> **What to work on**
Look through the listing below for the line containing "宣言トラフ副約100枚 使い捨て クレンジングシート". Copy it and each line after it up to and including the line containing "Albergo in vendita", exactly, leaving out pictures.

> **Records shown**
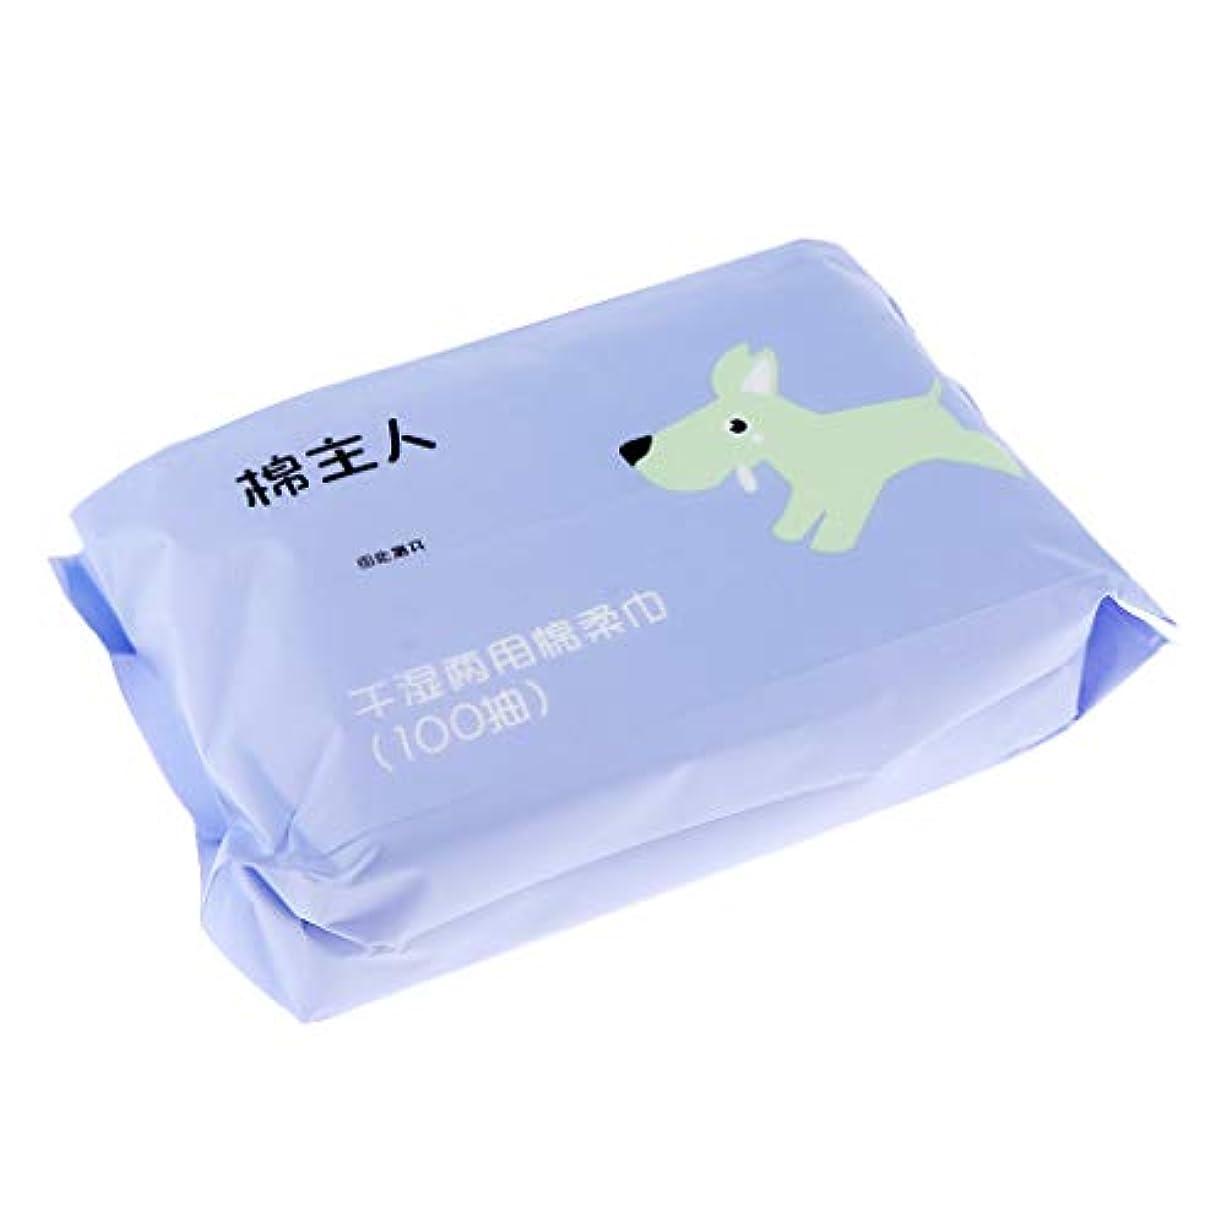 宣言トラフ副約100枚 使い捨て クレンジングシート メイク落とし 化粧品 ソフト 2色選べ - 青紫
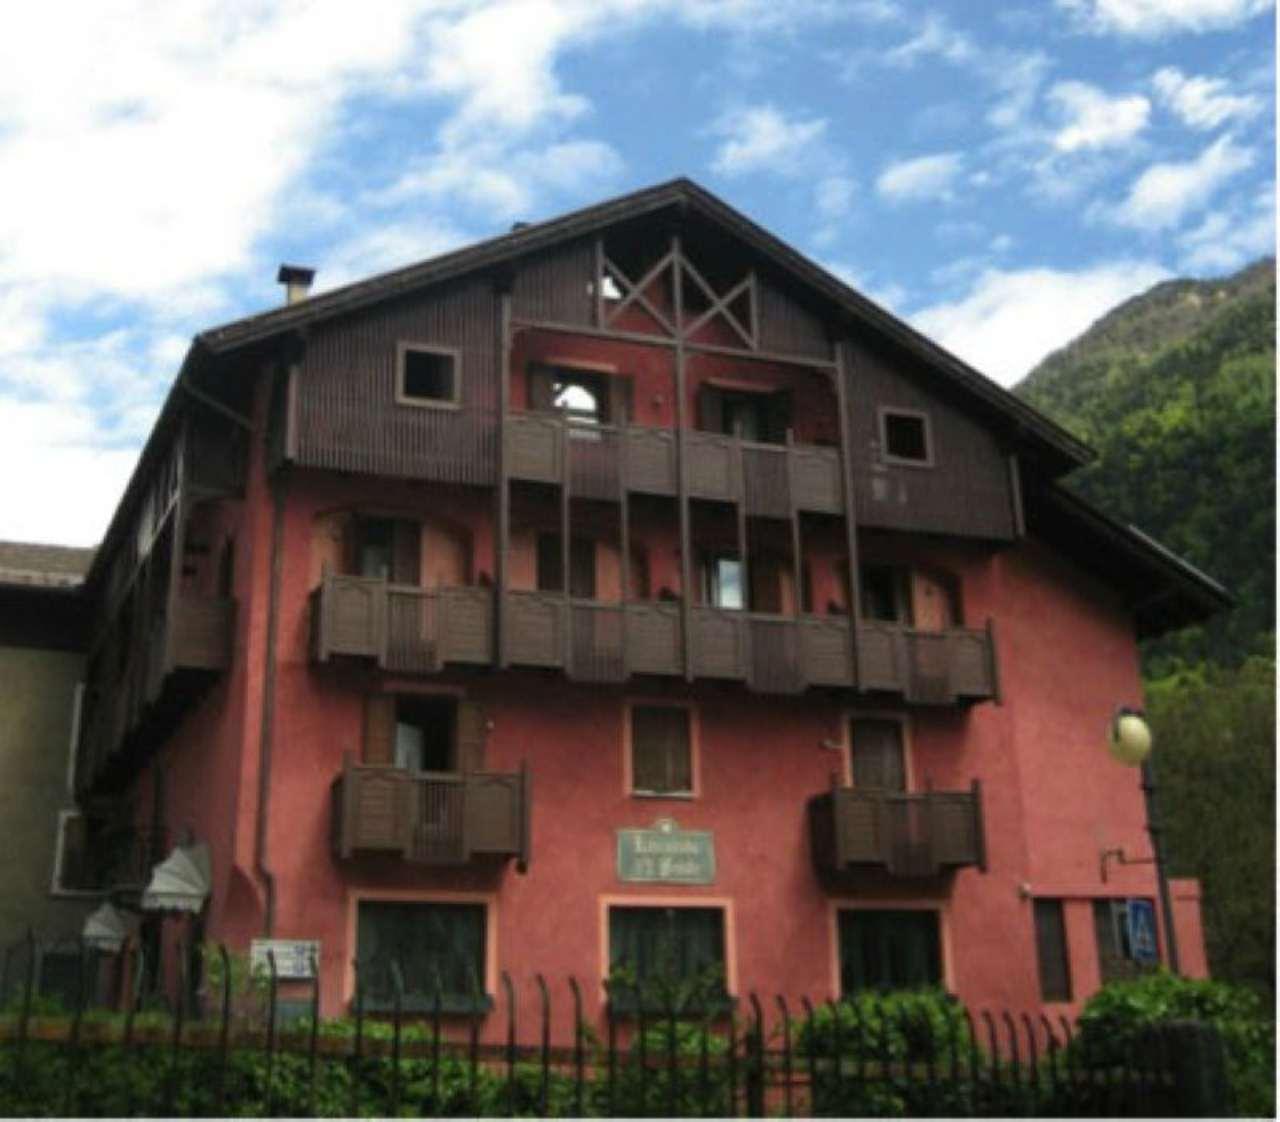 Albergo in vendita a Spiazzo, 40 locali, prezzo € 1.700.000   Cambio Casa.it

...

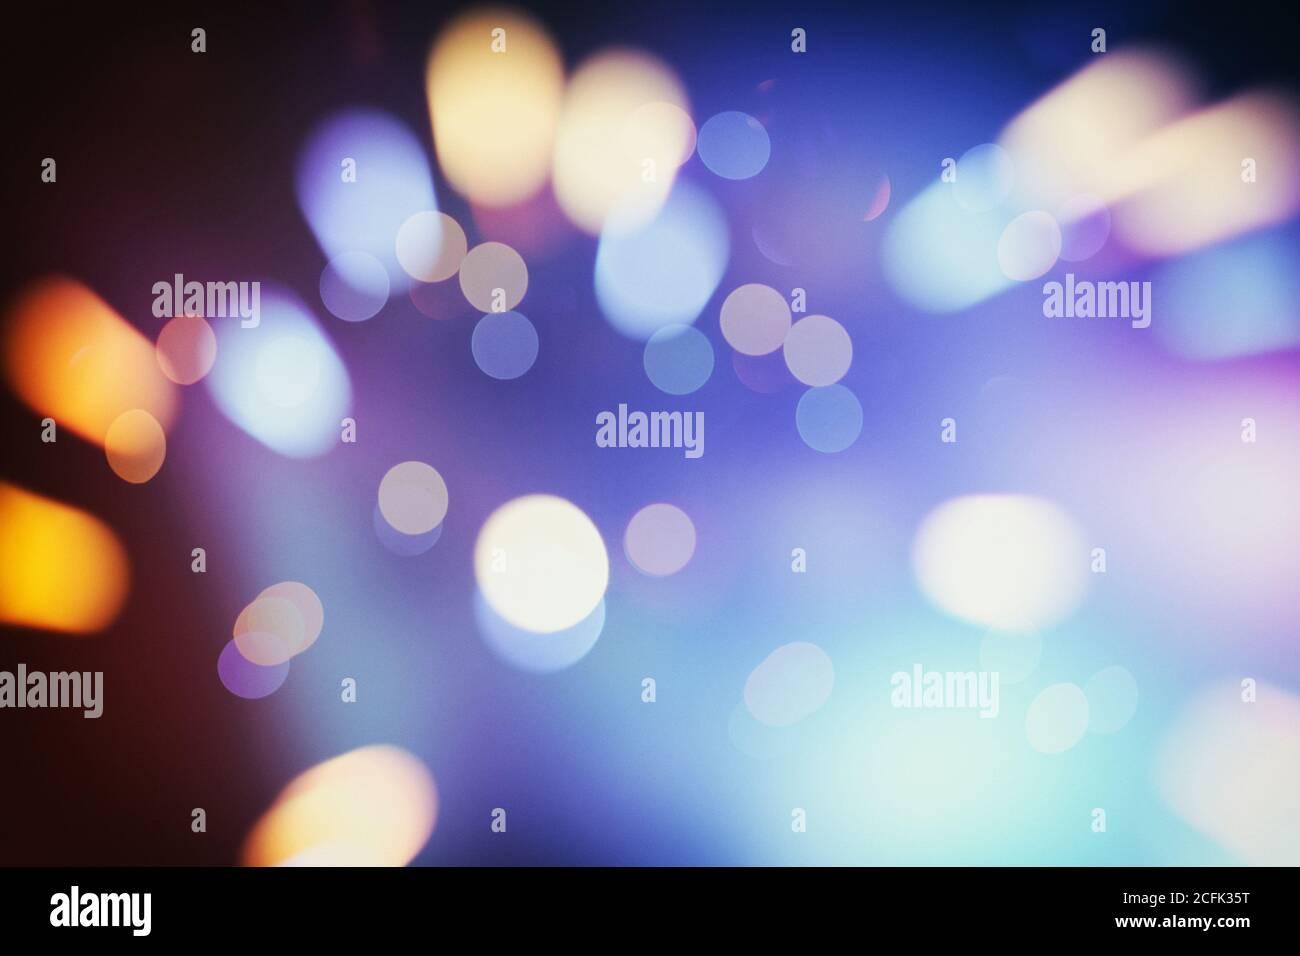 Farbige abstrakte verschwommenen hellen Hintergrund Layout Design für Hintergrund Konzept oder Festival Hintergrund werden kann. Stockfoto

==

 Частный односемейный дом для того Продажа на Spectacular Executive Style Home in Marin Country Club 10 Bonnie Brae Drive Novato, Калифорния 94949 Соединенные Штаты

> **Exercise output**
 宣言トラフ副約100枚 使い捨て クレンジングシート メイク落とし 化粧品 ソフト 2色選べ - 青紫
 Albergo in vendita a Spiazzo, 40 locali, prezzo € 1.700.000   Cambio Casa.it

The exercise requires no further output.